* Recorded data

========

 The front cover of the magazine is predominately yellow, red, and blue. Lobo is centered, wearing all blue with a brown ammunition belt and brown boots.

========

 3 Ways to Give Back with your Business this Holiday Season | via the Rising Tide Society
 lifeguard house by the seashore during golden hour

========

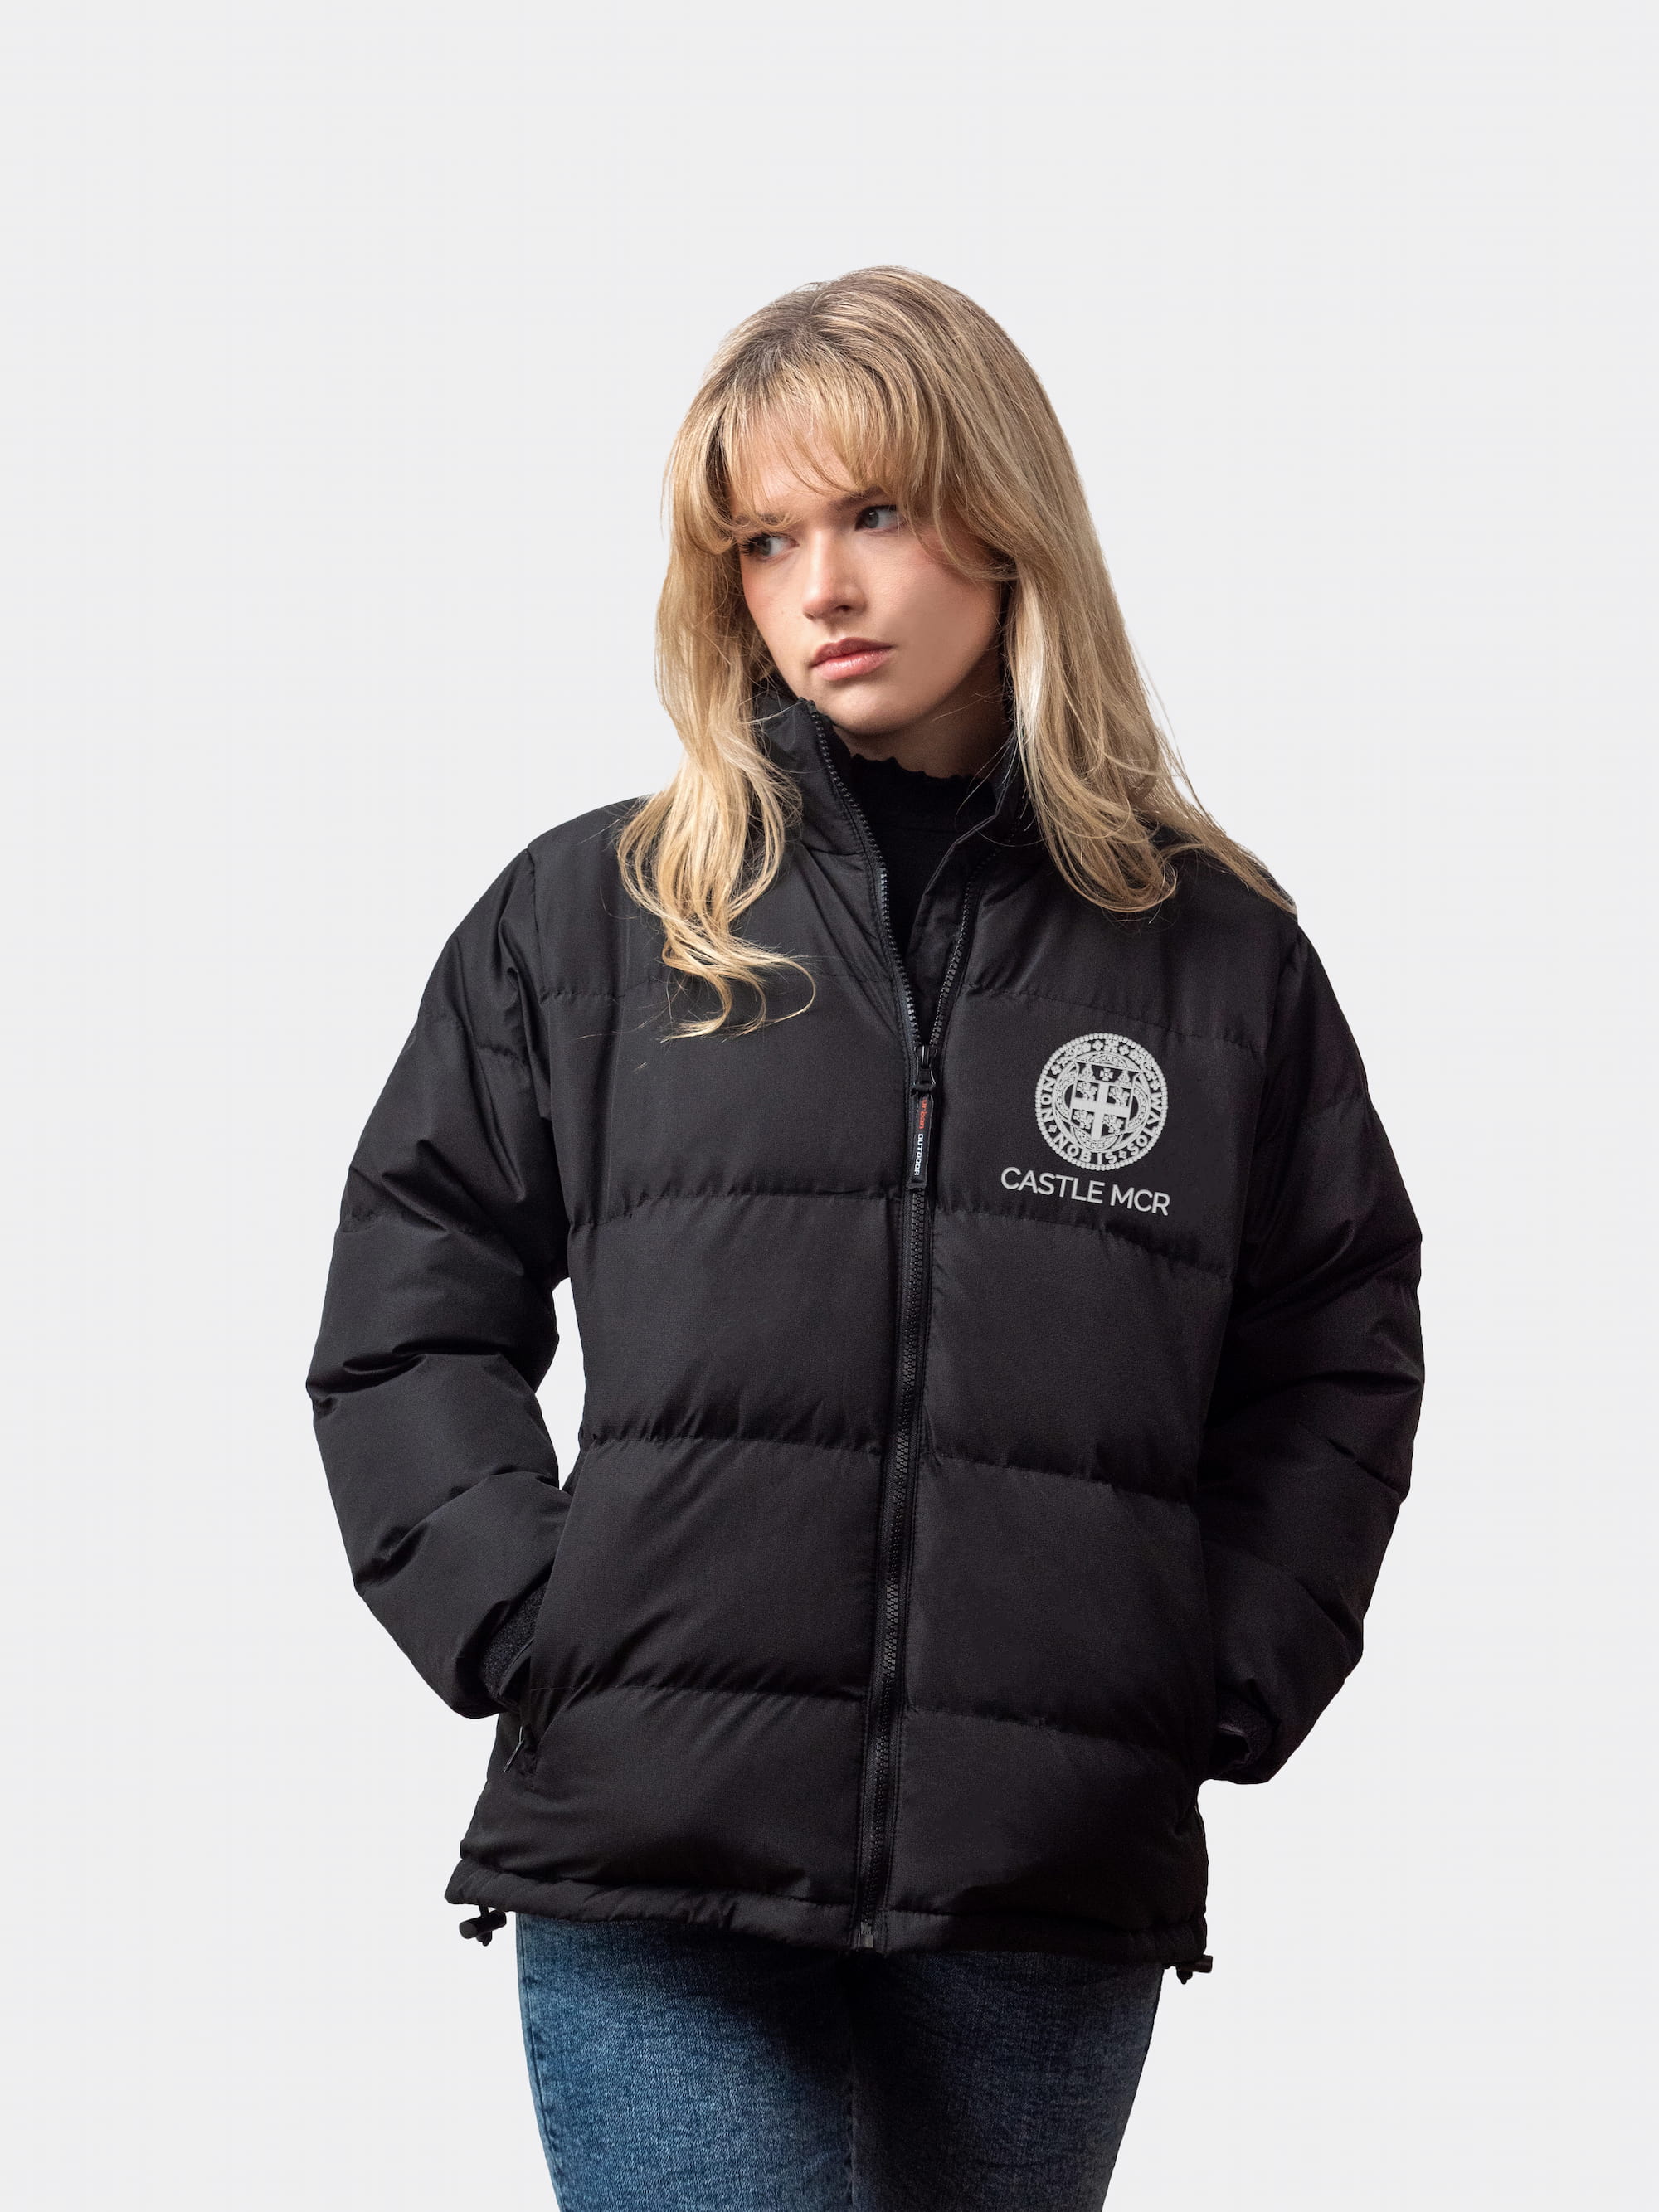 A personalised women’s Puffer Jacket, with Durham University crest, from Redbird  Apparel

========

* Exercise brief
Within the listing above, extract exactly the lines from the line with "3 Ways to Give" to the line with "lifeguard house by", the two named lines included, and no others.

* Response for this exercise
 3 Ways to Give Back with your Business this Holiday Season | via the Rising Tide Society
 lifeguard house by the seashore during golden hour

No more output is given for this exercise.